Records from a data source
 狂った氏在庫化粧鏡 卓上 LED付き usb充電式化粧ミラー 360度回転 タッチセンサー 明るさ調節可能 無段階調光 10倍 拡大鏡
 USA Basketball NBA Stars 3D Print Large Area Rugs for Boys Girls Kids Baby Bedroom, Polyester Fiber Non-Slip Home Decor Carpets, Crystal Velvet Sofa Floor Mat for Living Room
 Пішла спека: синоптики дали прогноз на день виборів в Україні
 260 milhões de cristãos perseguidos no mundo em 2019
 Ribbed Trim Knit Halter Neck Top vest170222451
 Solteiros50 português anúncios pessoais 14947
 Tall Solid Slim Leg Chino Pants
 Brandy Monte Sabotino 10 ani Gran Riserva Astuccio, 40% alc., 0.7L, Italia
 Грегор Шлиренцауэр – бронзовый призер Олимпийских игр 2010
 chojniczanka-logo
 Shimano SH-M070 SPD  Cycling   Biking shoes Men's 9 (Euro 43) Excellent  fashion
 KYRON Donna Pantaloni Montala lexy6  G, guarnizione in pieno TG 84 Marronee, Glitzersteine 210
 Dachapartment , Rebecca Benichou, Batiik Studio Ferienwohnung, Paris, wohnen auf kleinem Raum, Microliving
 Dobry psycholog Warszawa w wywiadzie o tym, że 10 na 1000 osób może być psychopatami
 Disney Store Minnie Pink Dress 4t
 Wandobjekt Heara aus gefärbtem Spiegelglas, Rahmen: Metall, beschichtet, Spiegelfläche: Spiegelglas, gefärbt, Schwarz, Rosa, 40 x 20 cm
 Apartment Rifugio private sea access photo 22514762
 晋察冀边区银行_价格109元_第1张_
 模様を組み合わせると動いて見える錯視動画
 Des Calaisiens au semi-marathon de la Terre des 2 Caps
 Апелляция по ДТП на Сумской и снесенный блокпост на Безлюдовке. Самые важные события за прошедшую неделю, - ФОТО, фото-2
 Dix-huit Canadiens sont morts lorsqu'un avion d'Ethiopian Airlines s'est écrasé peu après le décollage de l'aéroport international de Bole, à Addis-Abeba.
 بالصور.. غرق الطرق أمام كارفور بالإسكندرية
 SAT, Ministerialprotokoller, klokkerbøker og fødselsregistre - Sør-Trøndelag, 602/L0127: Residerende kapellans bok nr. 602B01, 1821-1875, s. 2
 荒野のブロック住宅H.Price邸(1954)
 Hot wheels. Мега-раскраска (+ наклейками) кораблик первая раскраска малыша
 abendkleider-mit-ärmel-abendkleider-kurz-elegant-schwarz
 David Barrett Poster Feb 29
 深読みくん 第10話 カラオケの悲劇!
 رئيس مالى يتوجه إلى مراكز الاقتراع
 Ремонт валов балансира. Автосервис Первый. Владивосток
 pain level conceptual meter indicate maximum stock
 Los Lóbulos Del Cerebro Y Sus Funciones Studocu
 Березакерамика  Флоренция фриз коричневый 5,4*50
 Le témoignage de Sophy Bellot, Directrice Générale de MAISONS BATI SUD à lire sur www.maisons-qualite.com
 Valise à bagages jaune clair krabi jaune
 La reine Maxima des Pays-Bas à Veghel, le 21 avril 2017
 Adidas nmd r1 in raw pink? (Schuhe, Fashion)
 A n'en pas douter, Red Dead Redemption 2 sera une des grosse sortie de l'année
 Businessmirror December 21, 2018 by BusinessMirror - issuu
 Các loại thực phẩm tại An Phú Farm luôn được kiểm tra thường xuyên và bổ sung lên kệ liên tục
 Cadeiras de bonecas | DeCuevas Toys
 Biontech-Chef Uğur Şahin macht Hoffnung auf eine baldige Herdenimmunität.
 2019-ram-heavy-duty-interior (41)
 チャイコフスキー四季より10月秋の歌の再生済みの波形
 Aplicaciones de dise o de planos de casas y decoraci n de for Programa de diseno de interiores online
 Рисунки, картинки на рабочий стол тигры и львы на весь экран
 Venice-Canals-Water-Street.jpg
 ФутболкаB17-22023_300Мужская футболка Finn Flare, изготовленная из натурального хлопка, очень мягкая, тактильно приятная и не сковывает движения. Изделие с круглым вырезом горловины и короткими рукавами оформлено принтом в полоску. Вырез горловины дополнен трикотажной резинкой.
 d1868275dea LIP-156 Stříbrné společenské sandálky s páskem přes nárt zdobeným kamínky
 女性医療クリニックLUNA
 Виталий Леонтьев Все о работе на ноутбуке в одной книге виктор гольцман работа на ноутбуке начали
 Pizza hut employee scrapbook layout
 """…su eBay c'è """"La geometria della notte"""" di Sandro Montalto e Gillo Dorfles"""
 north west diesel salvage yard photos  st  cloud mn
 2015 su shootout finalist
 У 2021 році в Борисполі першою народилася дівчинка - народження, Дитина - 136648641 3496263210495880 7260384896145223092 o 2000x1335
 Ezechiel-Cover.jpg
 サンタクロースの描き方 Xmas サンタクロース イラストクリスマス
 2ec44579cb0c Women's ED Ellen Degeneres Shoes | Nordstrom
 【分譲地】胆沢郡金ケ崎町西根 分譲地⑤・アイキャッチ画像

◆ WHAT YOU HAVE TO DO
Copy exactly the stretch of data above from the line with "фриз коричневый 5,4*50" through the line with "La reine Maxima", and omit all other lines.

◆ ANSWER FOR THE TASK
 Березакерамика  Флоренция фриз коричневый 5,4*50
 Le témoignage de Sophy Bellot, Directrice Générale de MAISONS BATI SUD à lire sur www.maisons-qualite.com
 Valise à bagages jaune clair krabi jaune
 La reine Maxima des Pays-Bas à Veghel, le 21 avril 2017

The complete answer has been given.